山県を評価する人は,強引で金銭の面で不正があっても,時代に合った制度を作れる実務家は必要だと考えている人が多いと思う.
明治日本を官僚国家にし,その官僚が太平洋戦争を引き起こし,敗戦したとして,山県や大久保利通にその責任を押し付ける,歴史家や評論家がいる.
しかし,大久保は明治11年に死亡,山県も大正11年には死亡してる.
彼らの死後太平洋戦争まで20年ほどあるんだよね.
大久保・山県が中心になって作った制度に不備があったとしたら,彼らの死後の人物は何もしなかったのか?

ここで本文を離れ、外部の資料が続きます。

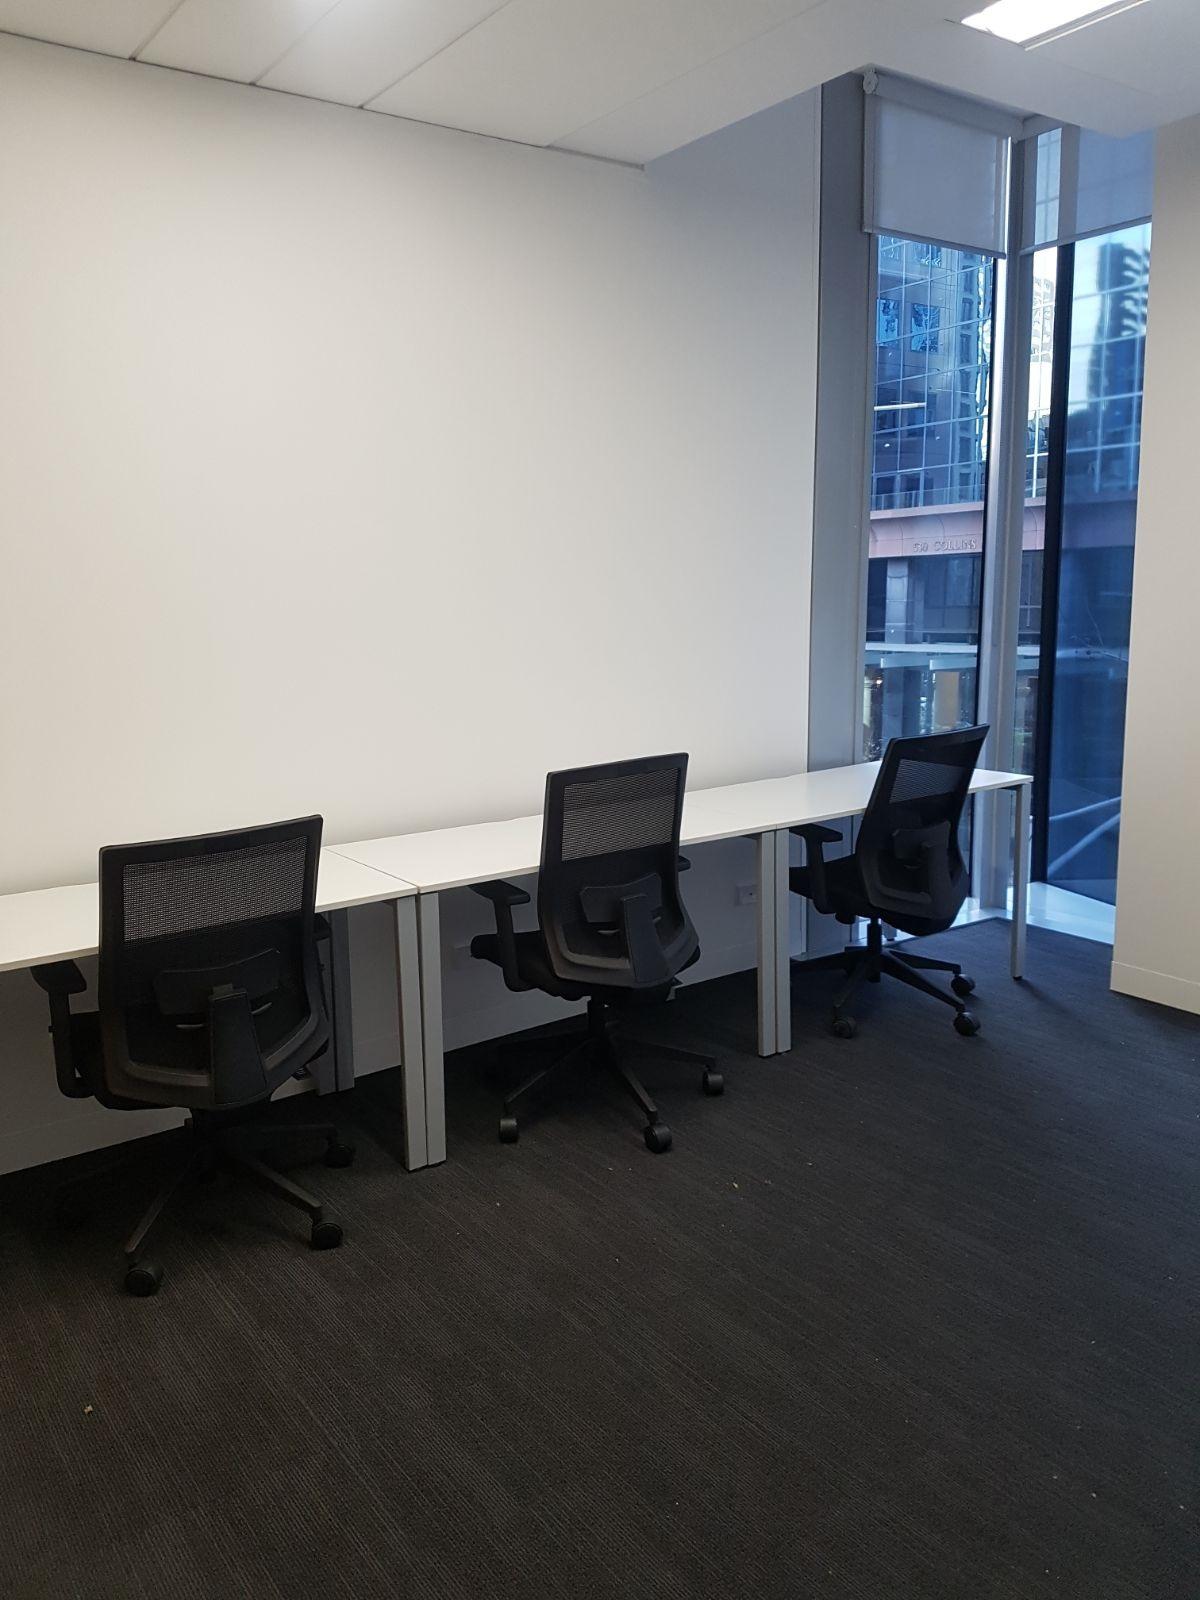 3_SMI Installations_Furniture Installation_IMG-20180717-WA0019.jpg

そういう観点が抜けたまま,大久保・山県を批判している人たちものすごく多い.
山県が死去した後に,「憲政の常道」と言われる時期があったのに,その頃政党は地方利権の代弁者として,詰まらん足の引っ張り合いしかせず,それによって国民の信頼を失い,軍部台頭の素地を作っただけじゃないの?と俺は思うわけです.
岡義武や服部之総なんかは古い学者だけど,近代国家を作る際に山県のような人物がいなかったら,上手くいかなかっただろうと考えていた.
俺は完全に岡や服部の考え方と同じなんで,かなり偏ってるとおもう.
>近代日本の制度を作り上げた
という事で,政党政治家と山県がそれぞれ何をやったのか,具体的に箇条書きで示した時に,どんなものが示されているのかを見てみれば,あなたなりの答えを出せるのでは?
もちろん山県が,藩閥政府内で確固たる地位を確立していたことと,政党政治家が在野の士だったことは,十分に考慮しなければならんけど.